Investigations and analyses performed for businesses are usually confidential. That prevents analysts in the private sector from giving examples of their best work. That’s not the case for analyses done for news organizations.
During my days as an investigative reporter, I routinely obtained, maintained and analyzed databases. Often this involved compelling public officials to comply with public records laws. These specialties — data analysis and use of public records laws — gave me the ability to survey the big picture and got me picked as a collaborator on many of the newspaper’s best projects.
A criminal investigation was launched after fellow Plain Dealer reporter Mark Puente and I reported that a county board of revision member was working a second job during hours he was paid to work for the county. The exciting shoe leather reporting for this story started after I analyzed county parking-garage data and found that the board member averaged just three hours a day at the county building. The board member resigned after publication of the story. Puente and I then wrote a story showing the lax work habits of other board staffers. The board administrator was ousted from his position that week, and state investigators began pursuing criminal charges against board workers. (Aug. 1, 2010)
Sometimes the only way to analyze data is the old-fashioned way, examining and entering
it by hand. Fellow reporter Mark Puente and I, with the help of two interns, examined more than 100,000 paper records. We found more than 2,200 of these tax-related documents that were improperly — perhaps illegally — altered. Together, they slashed $145 million from the county’s tax rolls. State investigators seized many of these records after learning of the newspaper’s findings for a criminal investigation. (Sept. 5, 2010)
Half of the 22 members of a little-known board lowered each others’ property values, saving each other a total of $25,000 on their taxes.
(Oct. 10, 2010)
I needed to identify cronies of the county’s corrupt auditor who got tax breaks. Unfortunately, the names of these folks appeared in different formats in each dataset and the tax breaks — in the form of value changes — could appear in any one of four other datasets.
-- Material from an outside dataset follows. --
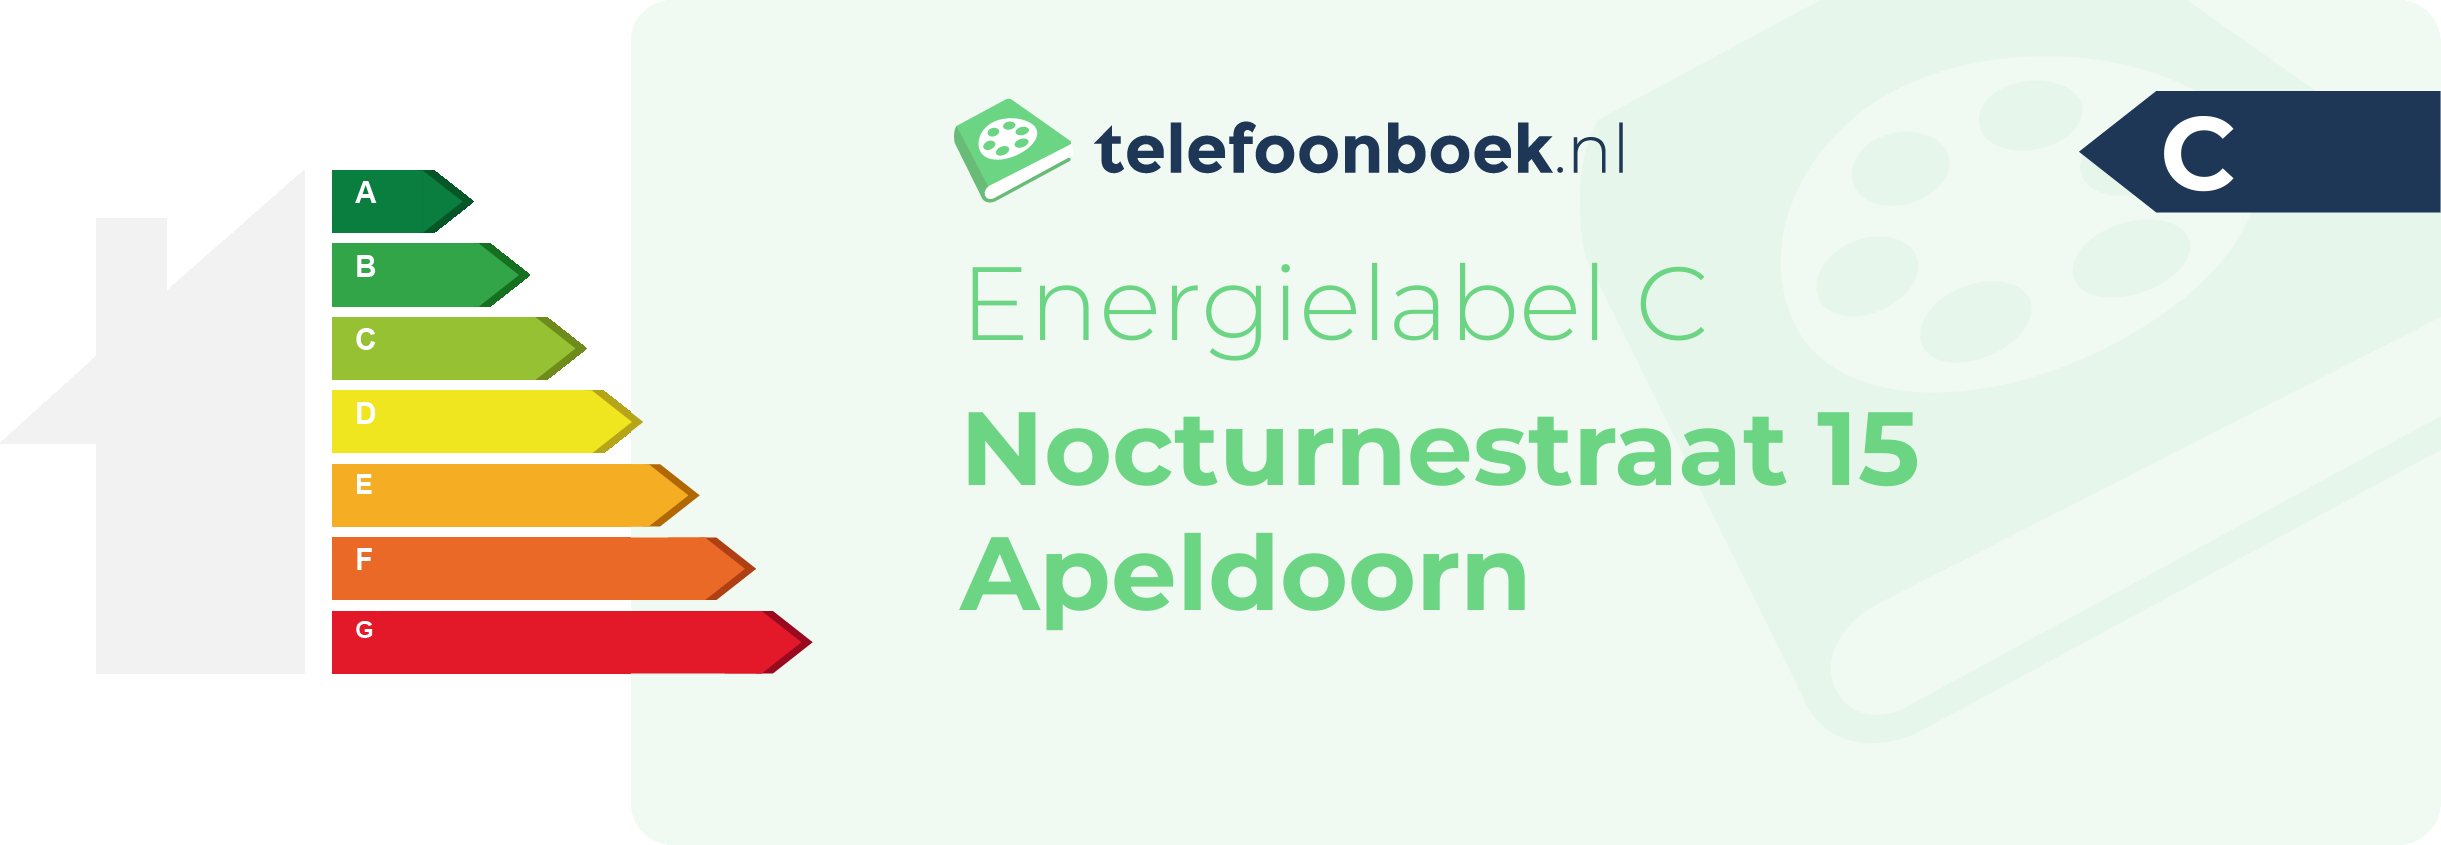 Energielabel Nocturnestraat 15 Apeldoorn

Cleaning data and combining tables took days. Then my collaborators and I painstakingly hand-checked its instance of donors getting breaks. (Nov. 28, 2010)
I fought for months to make Cleveland officials comply with the state’s public records laws and release public records on officers’ uses of force. The department kept these records in different units and never analyzed the records — something done by more proactive departments. After gathering the more than 238,000 electronic records, my analysis uncovered, among other things, that the department rubber-stamped each use of force “justified.” I joined four databases to identify trends, including potentially dangerous officers. This prompted the department to change its policies and create a new database, which might have remedied the problem. Instead, Mayor Frank Jackson’s administration fought to keep from releasing the new data under the state’s public records laws; the same type of problems I had uncovered persisted, leading eight years later to the U.S. Department of Justice issuing the city a consent decree that is expected to cost taxpayers $13 million. (Jan. 14, 2007)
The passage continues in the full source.